Misclassification by predicted EHR-continuity

Discrepancy in CCS calculation: Based on data in the first year, Figure 2 demonstrates a clear trend of decreasing discrepancy in the calculated CCS (CCS_difference) associated with increasing predicted MPEC. In the training set, the mean CCS_difference in the lowest decile of predicted EHR-continuity (1.60, 95% CI: 1.51–1.62) was 3.8 fold greater than that for the highest decile of predicted EHR-continuity (0.41, 95% CI: 0.39–0.44). A similar pattern was observed in the validation set (Figure 2).
Sensitivity of coding 40 selected variables: Based on data in the first year, the mean sensitivity of EHR capturing the codes for 40 selected variables when compared to the linked claims-EHR data in the highest decile of predicted EHR-continuity (0.85, 95% CI: 0.83–0.87) was 31.5 fold greater than that for the lowest decile (0.03, 95% CI: 0.02–0.03) in the training set. A similar trend was observed in the validation set and when the analysis was done for 25 co-morbidity and 15 medication use variables separately (Figure 3A).
Standardized differences in classifying 40 selected variables: Based on data in the first year, the Mean Standardized Differences between the proportions of the 40 selected variables (MSD_{_40_variables}) based on EHR alone vs. the linked claims-EHR data in the lowest decile of predicted EHR-continuity (MSD_{_40_variables}=0.59, 95% CI, 0.56–0.62) was 7.9 fold greater than that in the highest predicted continuity decile (MSD_{_40_variables}=0.08, 95% CI 0.06–0.09) in the training set. A similar trend was observed in the validation set and when the analysis was done for 25 co-morbidity and 15 medication use variables separately (Figure 3B). When the top two deciles were combined, they had MSD_{_40_variables} of 0.10 (0.09–0.11) in the training set and 0.10 (95% CI, 0.09–0.11) in the validation set.

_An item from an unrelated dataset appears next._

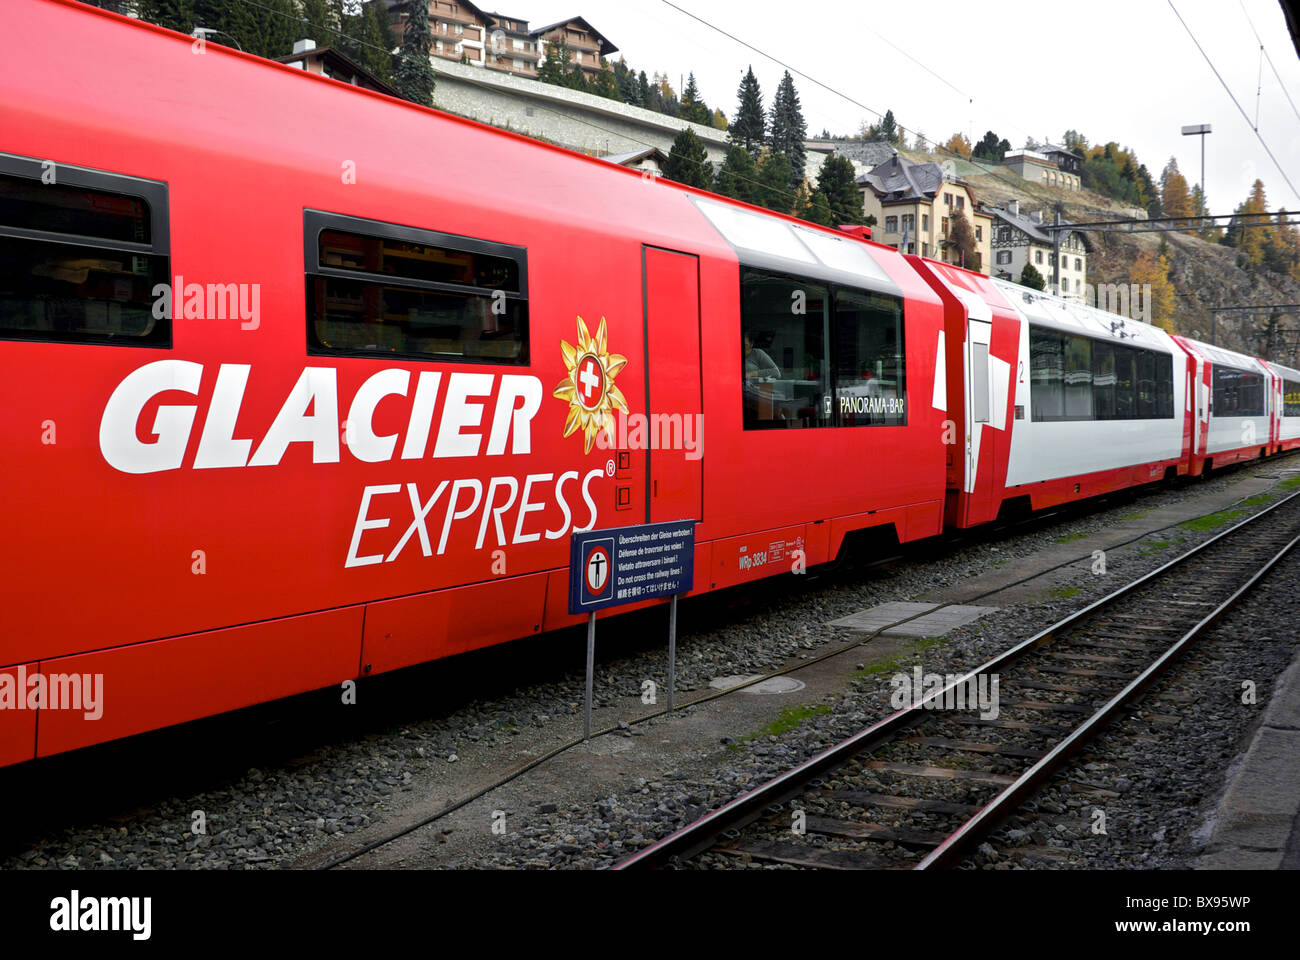 Les wagons de train panoramique électrique des chemins de fer rhétiques Glacier Express gare St. Banque D'Images

Mean difference in combined comorbidity score based on linked claims-EHR data vs. EHR alone

Decreasing misclassification of key variables associated with increasing predicted EHR-continuity

Similar patterns in all the years after cohort entry

When the top two deciles were combined, they consistently had 95 CIs of MSD_{_40_variables} include the a priori cut-off of 0.1 in all subsequent years (Table 3). Sensitivity_{_40_variables} ranges between 0.74 and 0.86 for those in the top two deciles of predicted continuity, which were 2.4–4.8 fold greater than the corresponding estimates in the remaining population (Table S1). Therefore we defined EHR continuity cohort as “patients with top 20% predicted MPEC”.

Table 3.

Difference in measuring 40 selected variables in EHR vs. EHR plus claims data

Training set
Year after cohort entry	1	2	3	4	5	6	7
Year after cohort entry	Mean standardized difference^* (95% CI)
Top two deciles of predicted EHR-continuity	0.10 (0.09–0.11)	0.10 (0.09–0.11)	0.10 (0.09–0.11)	0.10 (0.09–0.11)	0.09 (0.07–0.10)	0.07 (0.06–0.09)	0.06 (0.05–0.08)
The remaining population	0.36 (0.35–0.37)	0.41 (0.40–0.42)	0.41 (0.40–0.43)	0.42 (0.40–0.43)	0.40 (0.39–0.41)	0.38 (0.36–0.40)	0.35 (0.33–0.37)
Validation set
Year after cohort entry	1	2	3	4	5	6	7
Year after cohort entry	Mean standardized difference^* (95% CI)
Top two deciles of predicted EHR-continuity	0.10 (0.09–0.11)	0.11 (0.10–0.12)	0.11 (0.09–0.12)	0.11 (0.09–0.13)	0.09 (0.07–0.11)	0.08 (0.06–0.10)	0.07 (0.05–0.09)
The remaining population	0.40 (0.39–0.41)	0.48 (0.47–0.49)	0.49 (0.48–0.51)	0.49 (0.47–0.51)	0.47 (0.45–0.49)	0.46 (0.43–0.48)	0.41 (0.38–0.43)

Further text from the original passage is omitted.